Christmas in a Consumption Economy: Southern Leaders Must Link Public Spending to Local Production

By Foster Akpore

On 25 December 2024, Senator Adams Oshiomhole distributed 11,000 bags of rice to residents in Edo‑North senatorial district as a Christmas outreach. The gesture was widely reported as palliative support amid economic strain, a welcome gift for many families. Yet the choice of rice highlights a persistent economic blind spot among southern politicians: the failure to align political largesse with local production and value creation.

Nigeria’s food economy is striking in its contrasts. The country produces a wide range of staples, livestock and fish, but remains dependent on rice as a key dietary item, with local rice meeting only about 57 per cent of national demand. This shortfall drives demand for rice from northern farms and, increasingly, from imports.

At the same time, agricultural statistics show that livestock, poultry and fish sectors are major components of Nigeria’s food system. According to the latest FAO farm survey, the country has a livestock population of roughly 273 million animals, with goats numbering nearly 139 million and poultry production approaching 684 million birds nationwide. Fish production remains significant as well, led by catfish at about 27 million tonnes.

Yet southern farmers struggle with market access, insecurity and weak procurement linkages. In contrast, rice and other northern staples swirl through political gift‑giving because they are visible, standard and easily sourced. The result is a consumption‑driven approach that sends money and value outward, rather than circulating it within the communities that elected these leaders.

The logic here is straightforward. Constituency gifts should do more than fill bellies for a week. They ought to stimulate local supply chains, support smallholder producers, and reinforce market confidence among farmers. If the bags of rice had instead been replaced or complemented with locally produced goat meat, poultry or fish, the economic impact would stretch far beyond a one‑time festive handout. It would create income for producers, foster local jobs in processing and distribution, and keep traditional food‑based livelihoods viable.

This is especially important against the backdrop of rising insecurity in southern farming regions, where arable land is under threat from violent incursions, often blamed on roaming herdsmen from the North. In such an environment, political actions that sustain local agriculture take on added weight. Supporting beef from northern herdsmen while local goat and poultry farmers struggle reflects a shallow understanding of local economic conditions and community sentiment.
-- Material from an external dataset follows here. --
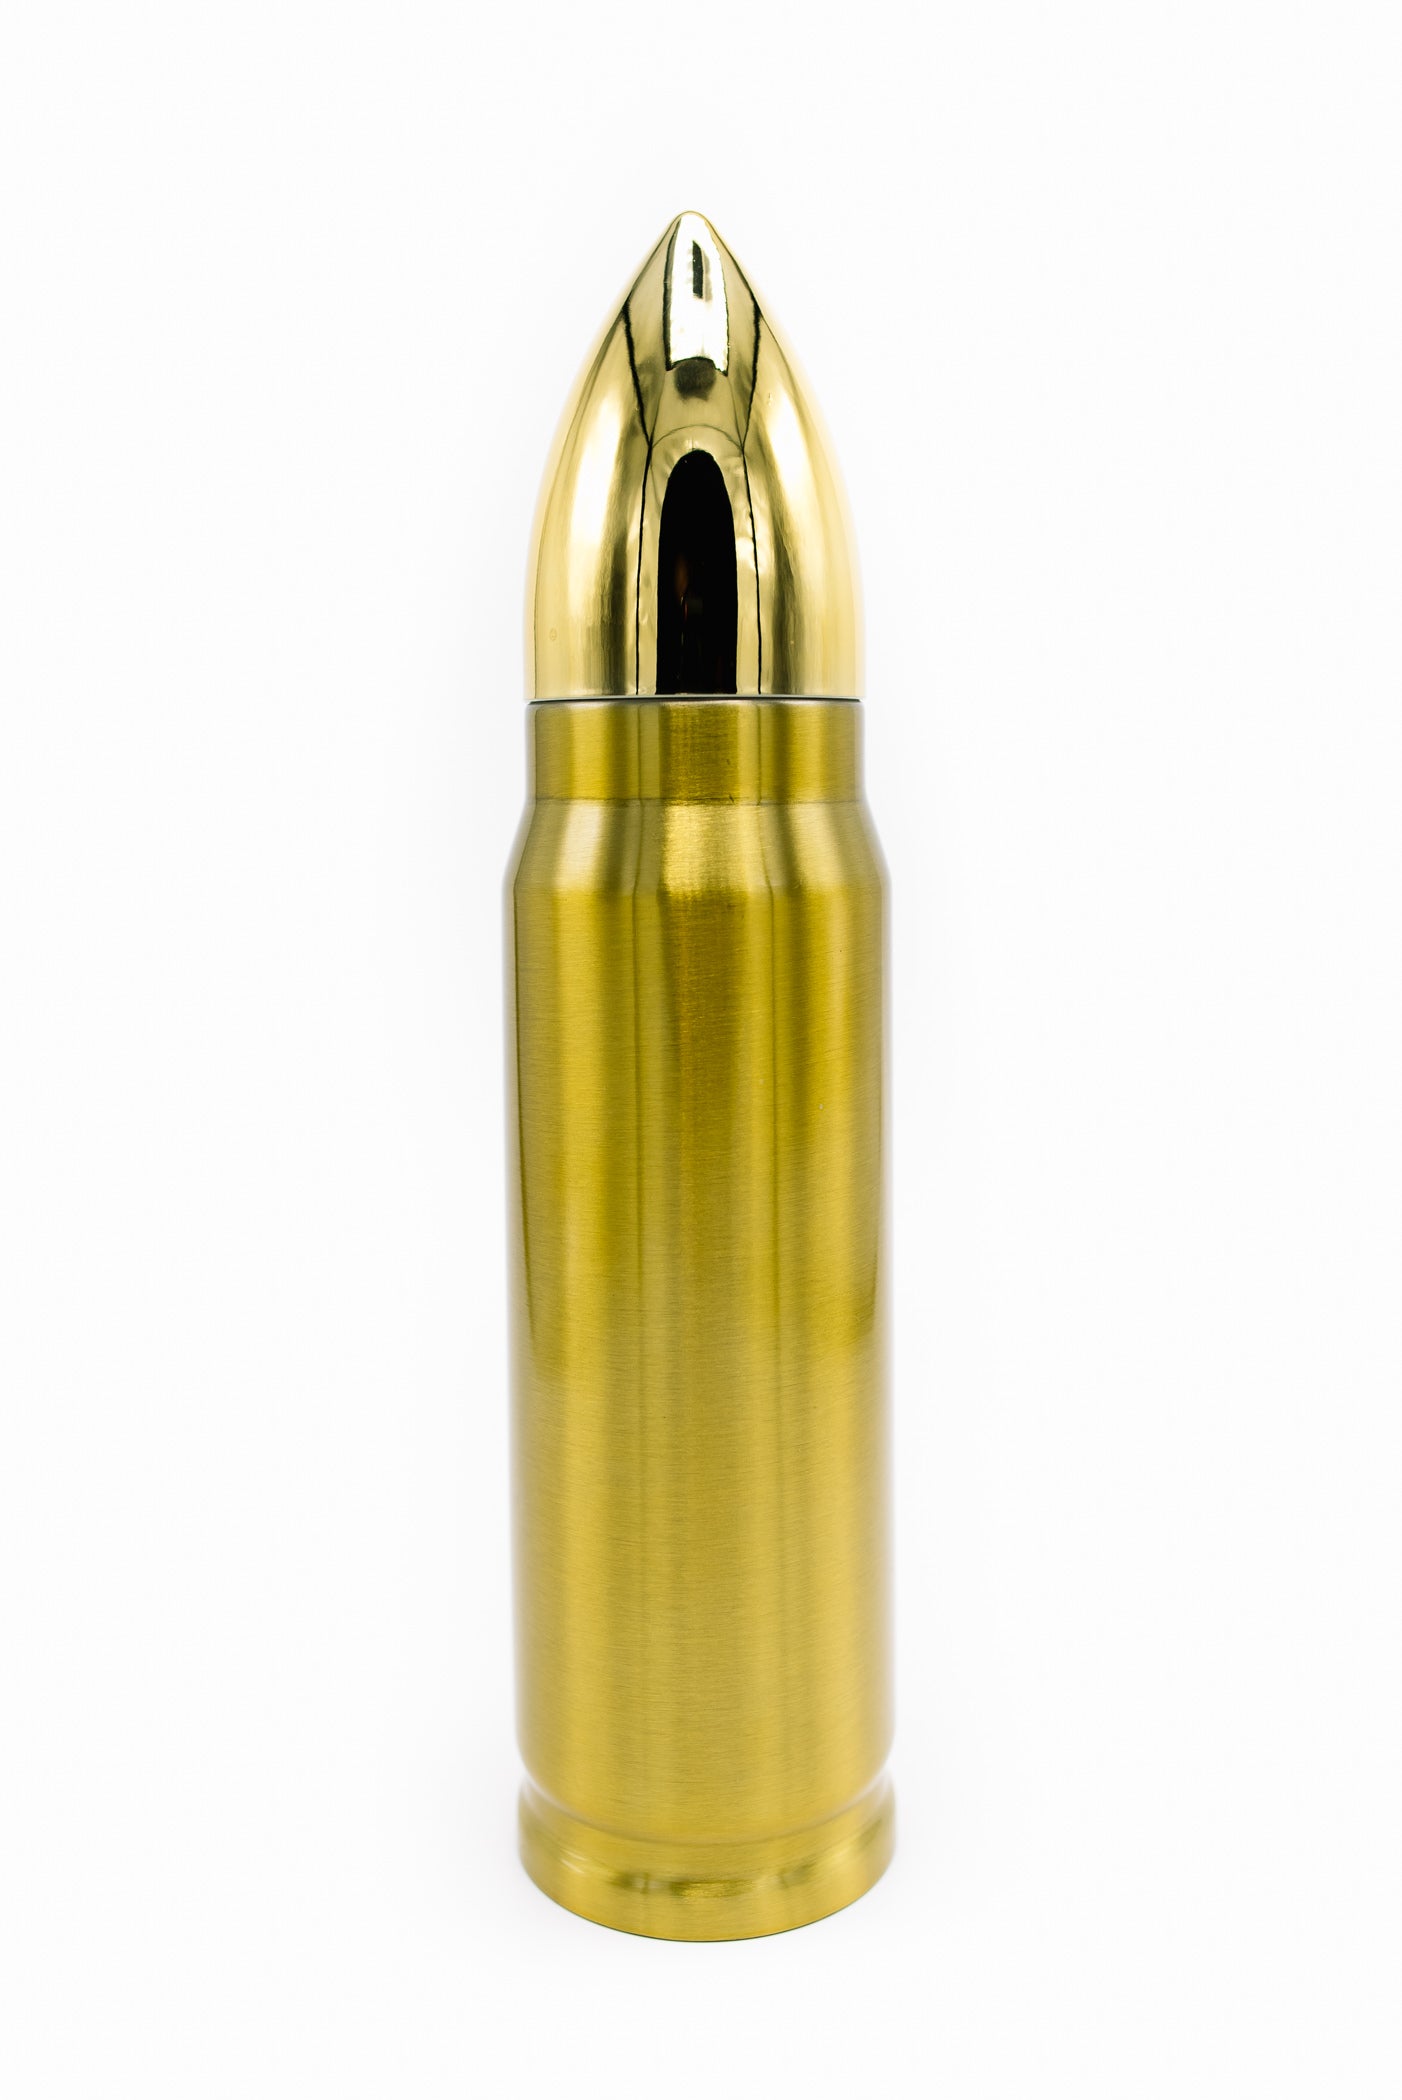 1 L SHOTGUN SHELL THERMOS Coffee Hunting Hot Insulated Stainless Steel Mug  Flask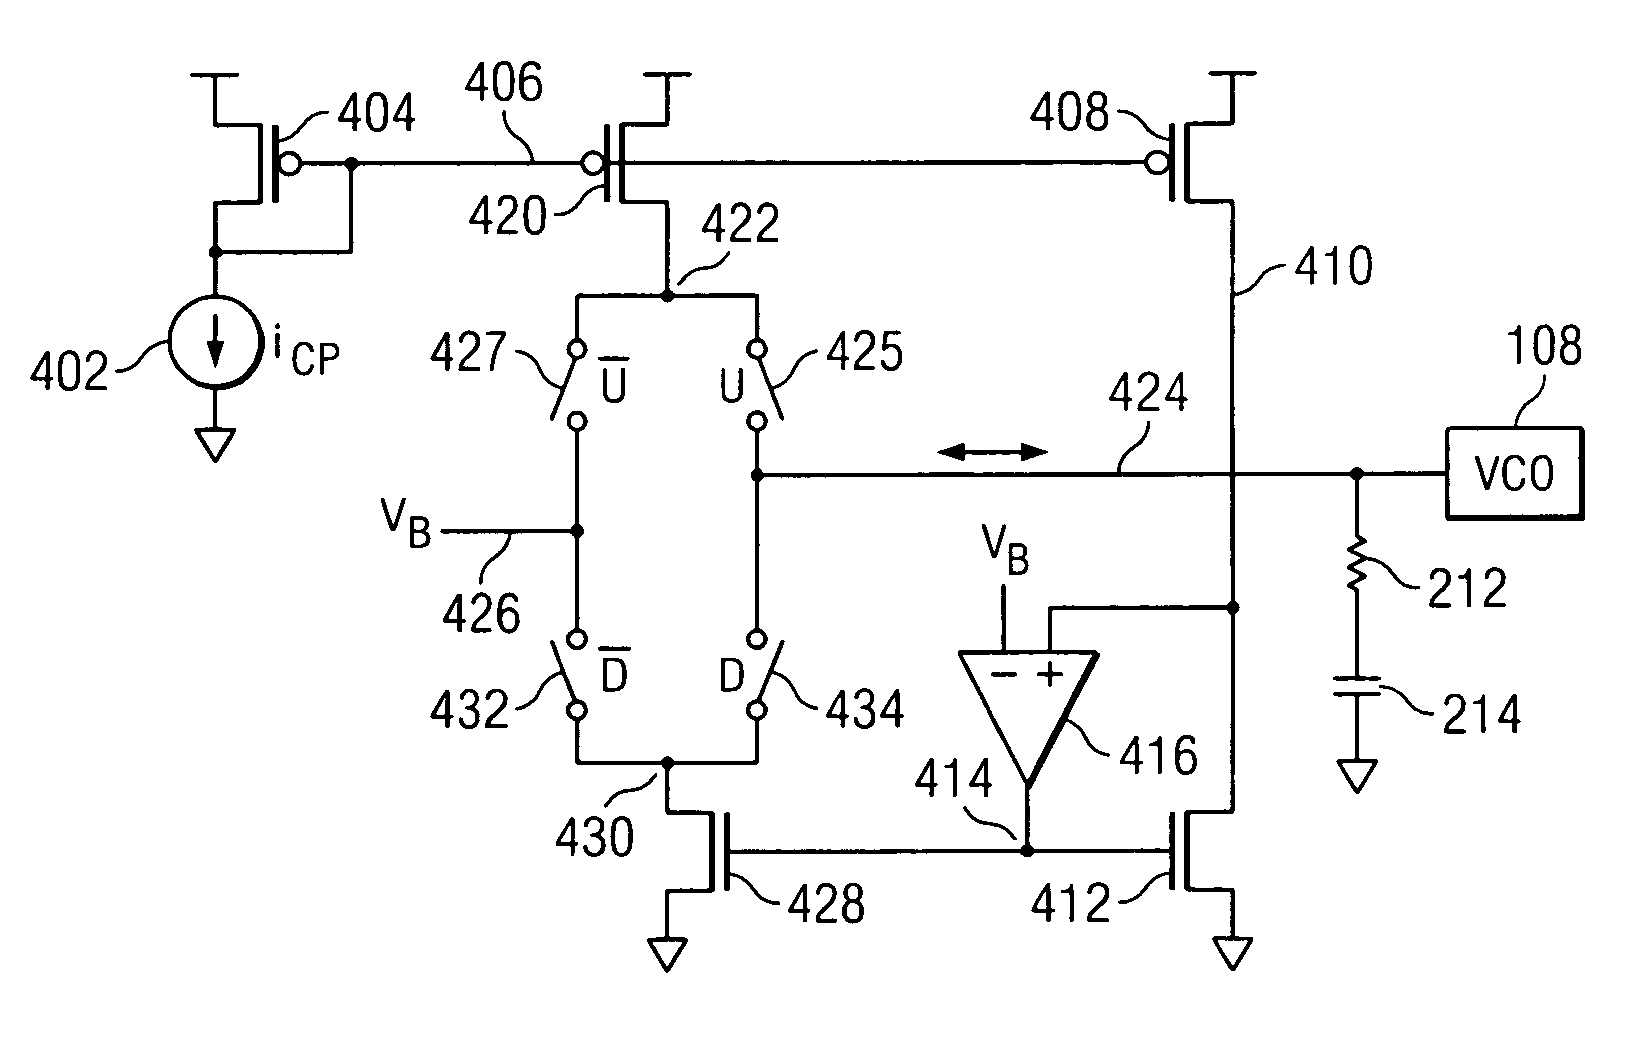 Integrated PLL loop filter and charge pump

Leaders who distribute rice or imported beef without a strategic eye risk deepening the very consumption patterns that undermine resilience. Instead, policymakers should use the leverage of public funds to back farmers in the south, link procurement contracts to local cooperatives, and build value chains that reduce reliance on distant or external production.

Christmas goodwill should extend past charity. It should prompt leaders to see the long view, where economic empowerment trumps symbolic handouts, and where public spending underpins productive capacity, not just consumption.

In a nation rich with agricultural potential, embracing that logic is not optional, it is essential.